▶ **WHAT YOU HAVE TO DO**
Your task is to return exactly the lines that run from the one containing "Virtual Seminar Financial" through the end of the listing below, without any pictures.

▶ **PROVIDED DATA**
Content starts

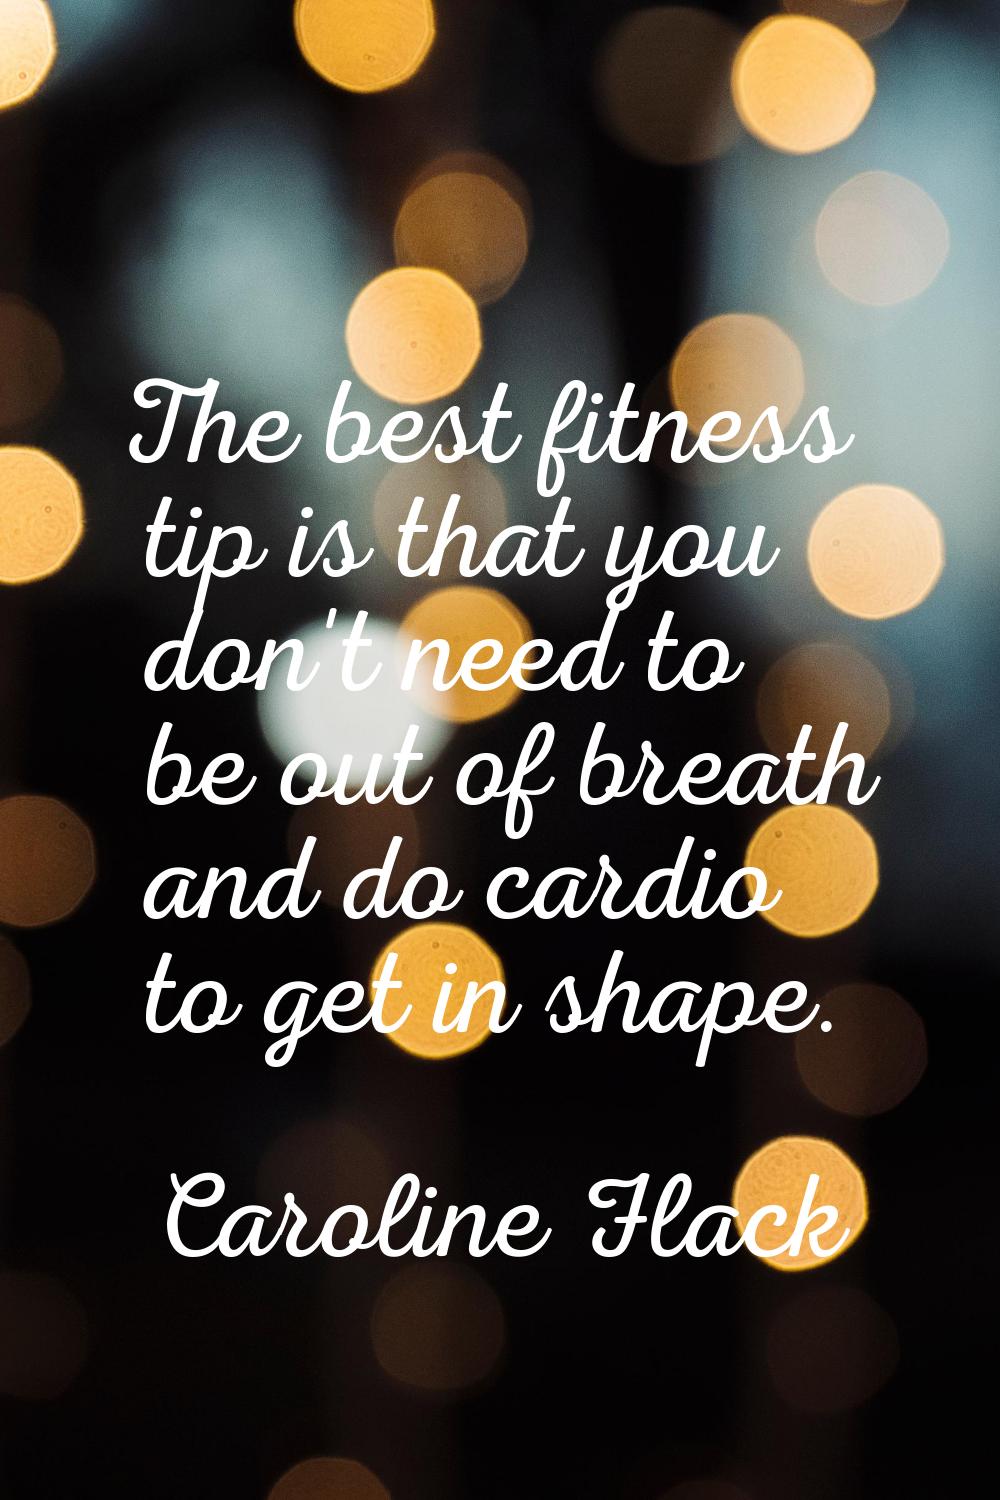 The best fitness tip is that you don't need to be out of breath and do cardio to get in shape.
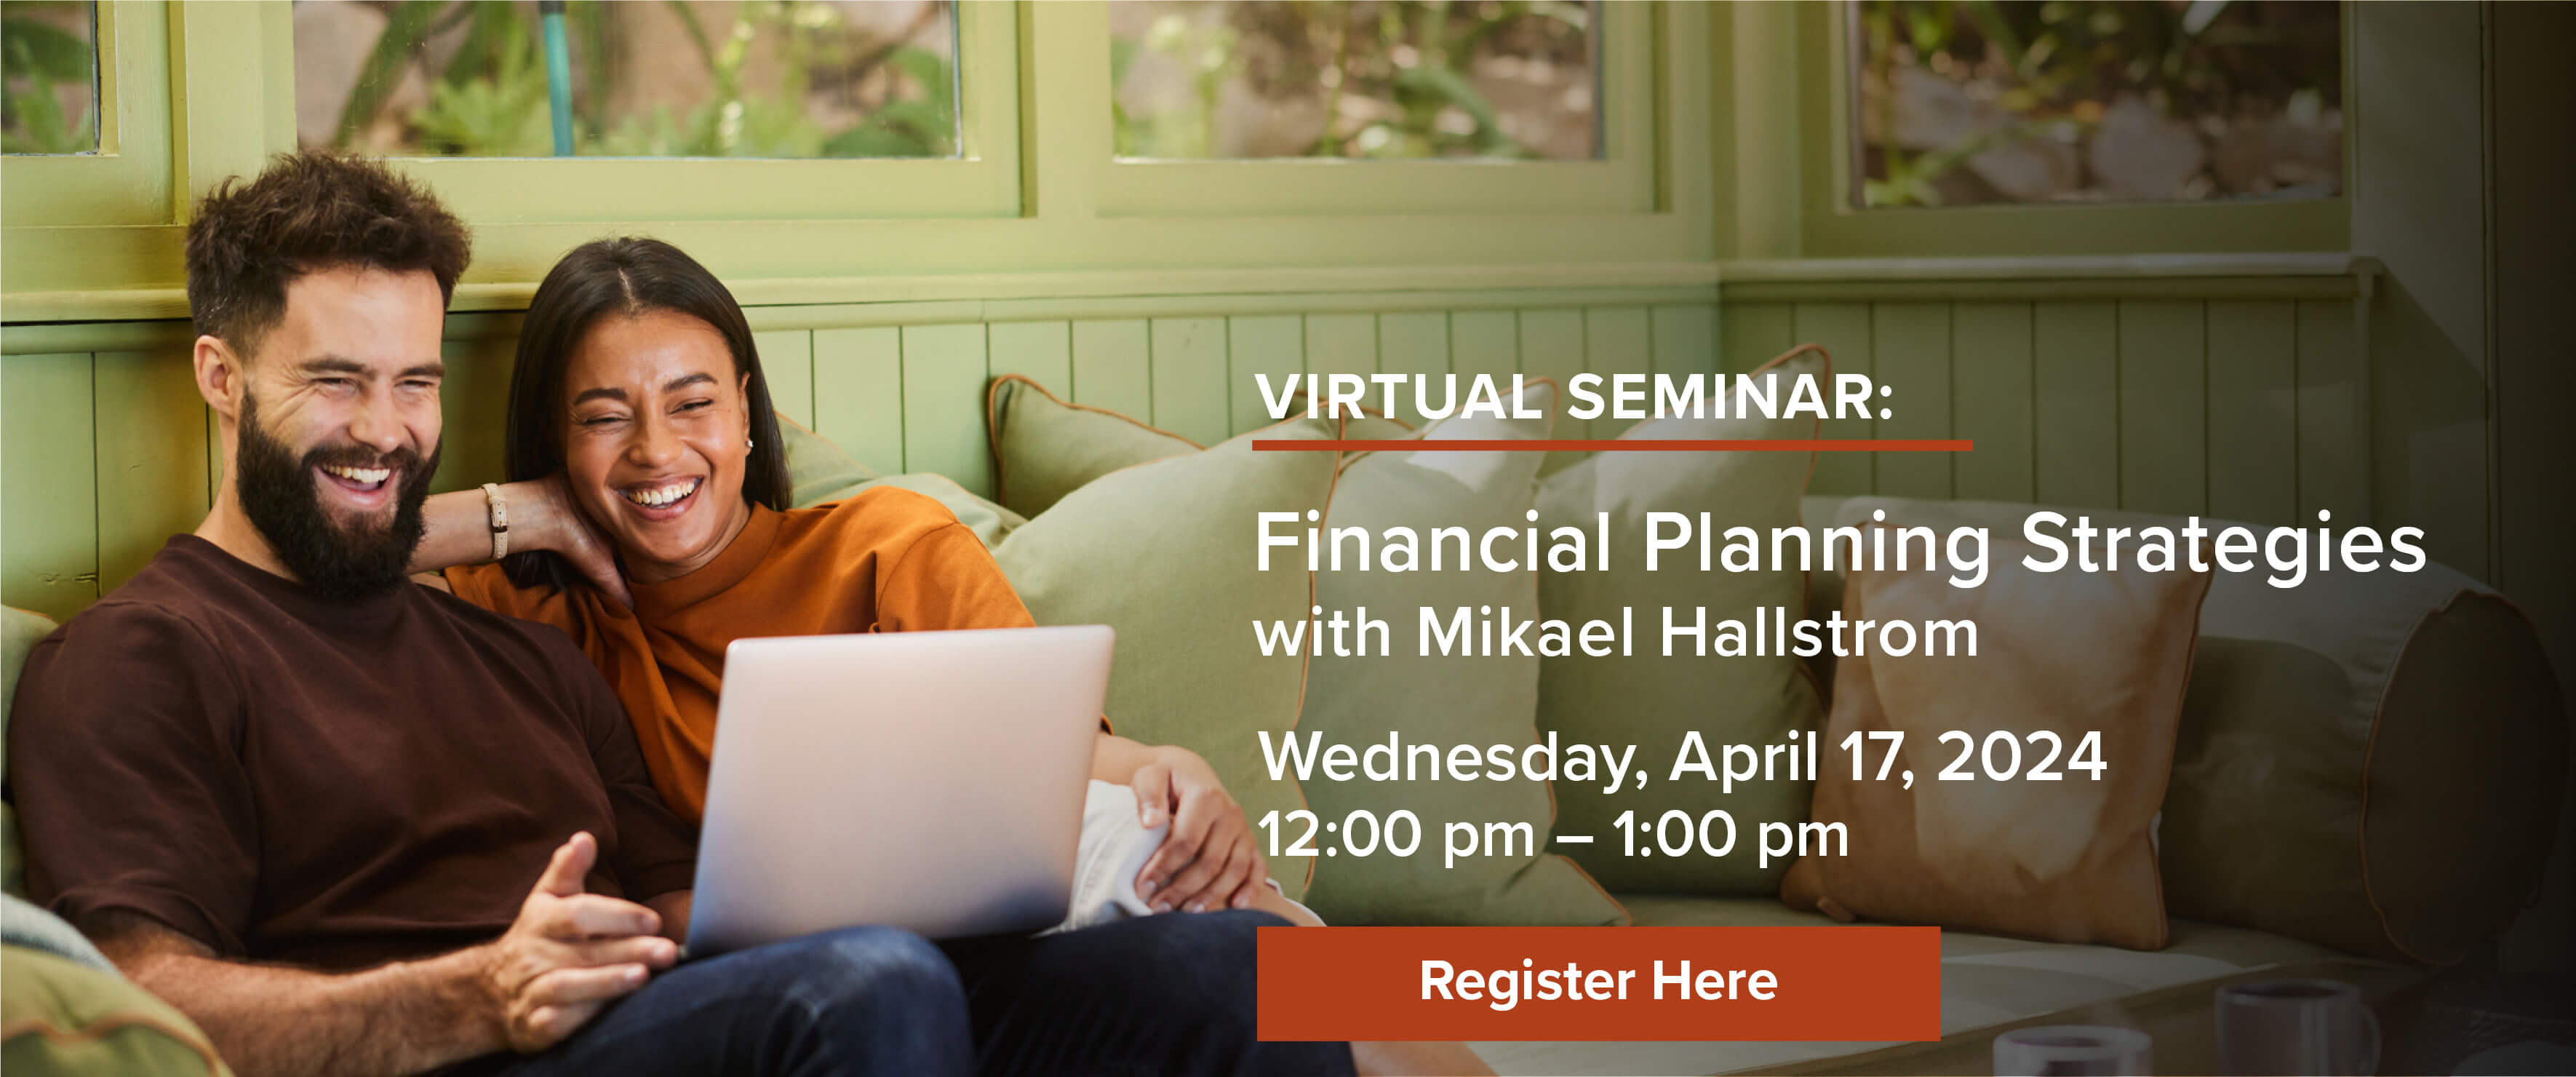 Virtual Seminar Financial Planning Strategies with Mikael Hallstrom Wednesday, April 17, 2024 12-1pm ET
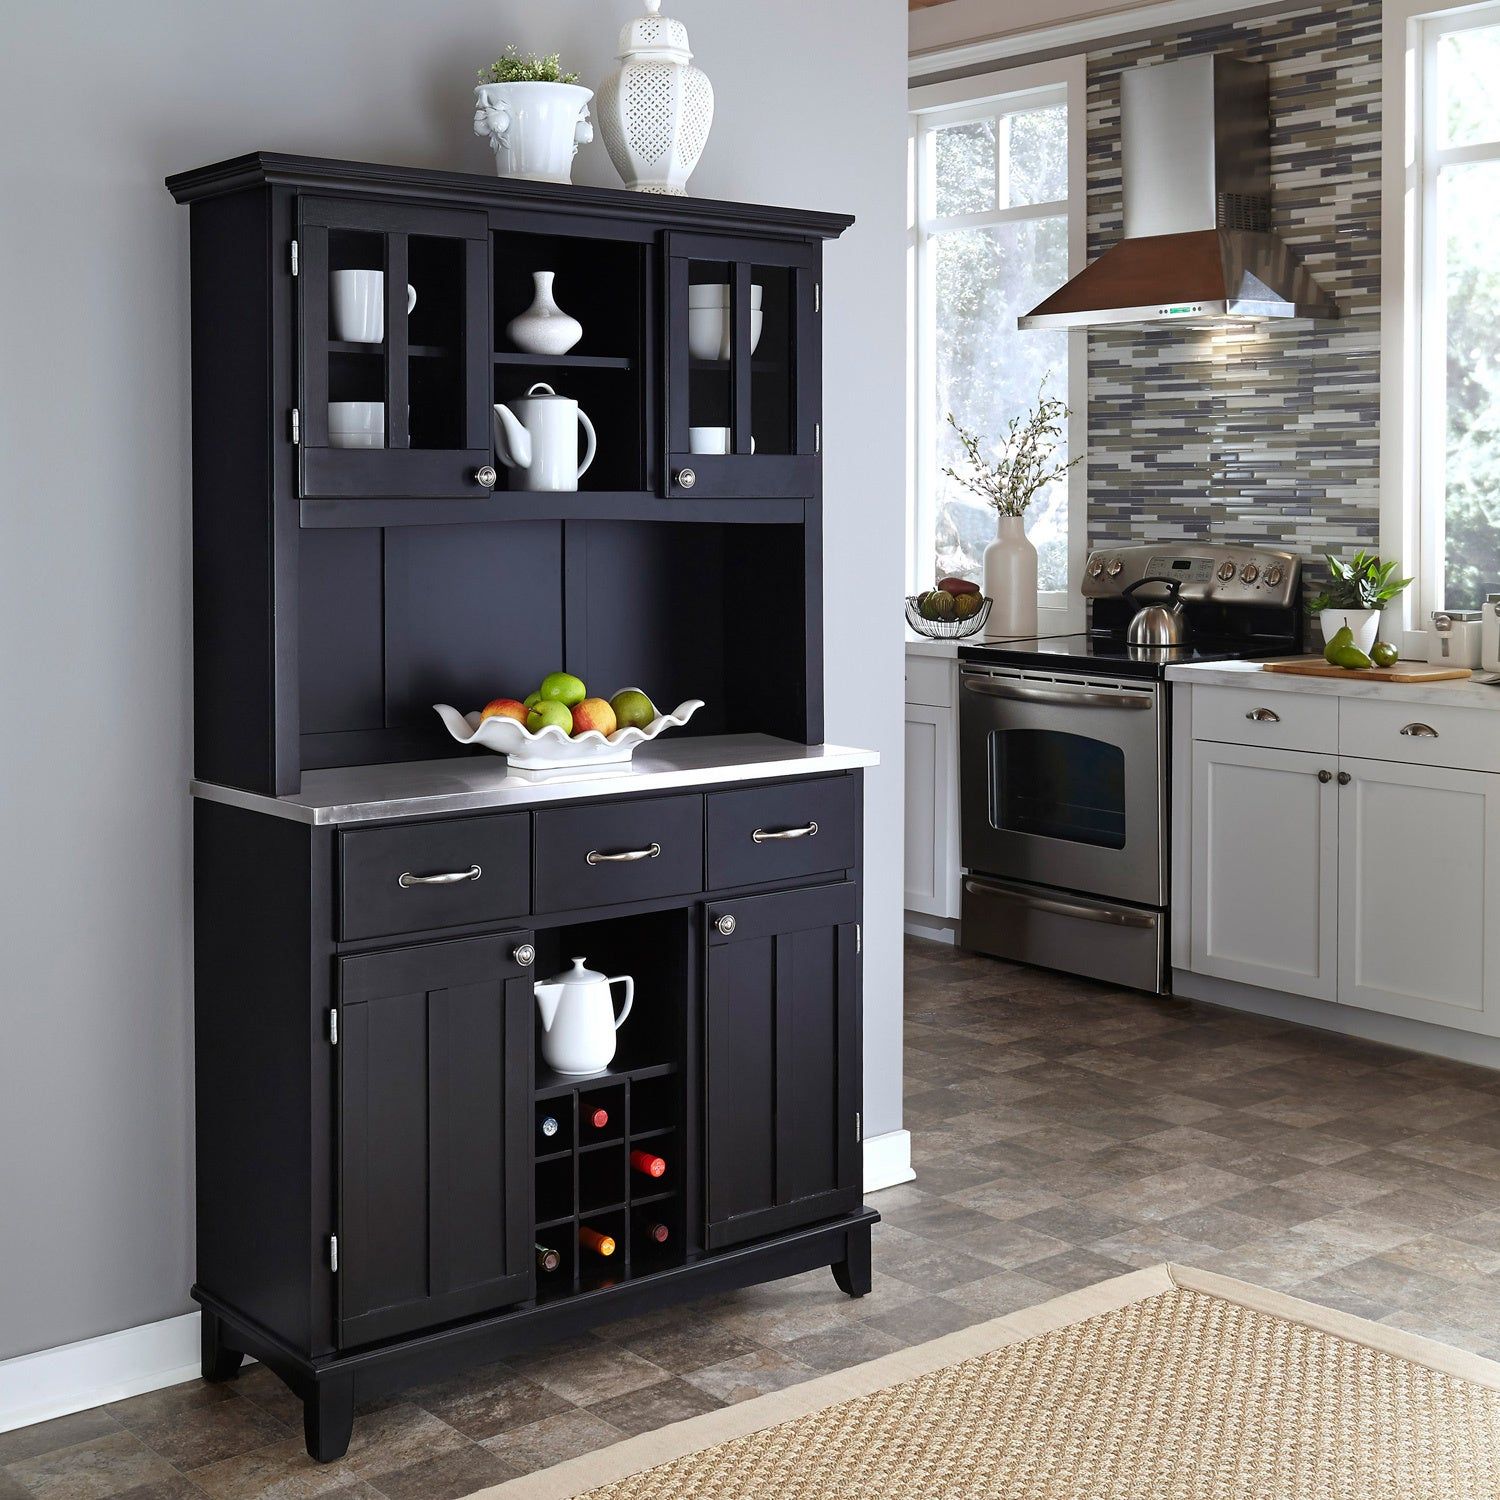 Black Hutch Buffet With Stainless Tophome Styles Regarding Black Hutch Buffets With Stainless Top 
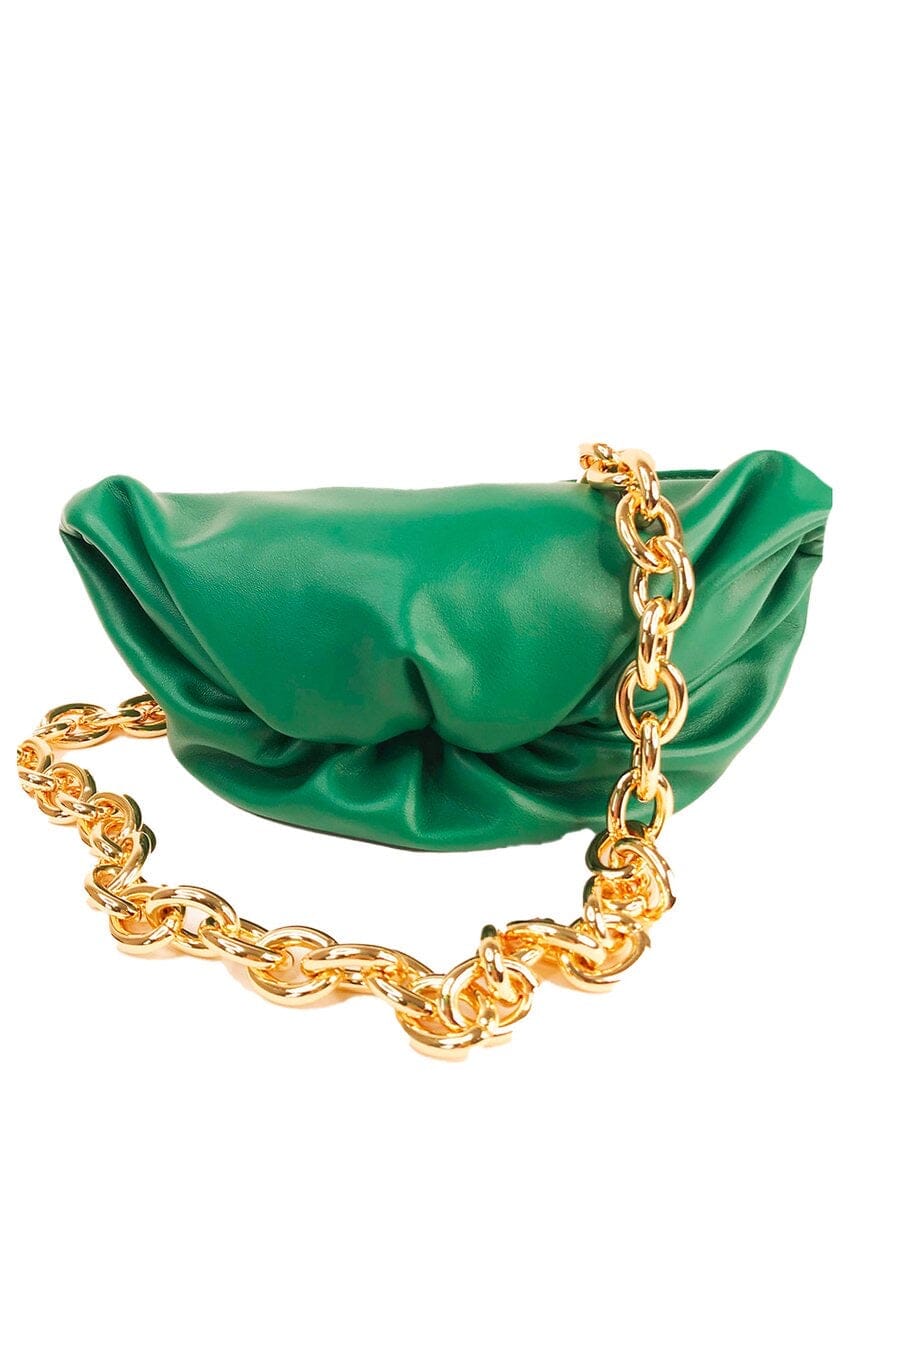 PRINNY LEATHER BAG - KELLY GREEN Jewellery & Accessories Jayley

Content ends

▶ **ANSWER**
 Virtual Seminar Financial Planning Strategies with Mikael Hallstrom Wednesday, April 17, 2024 12-1pm ET
 Black Hutch Buffet With Stainless Tophome Styles Regarding Black Hutch Buffets With Stainless Top 
 PRINNY LEATHER BAG - KELLY GREEN Jewellery & Accessories Jayley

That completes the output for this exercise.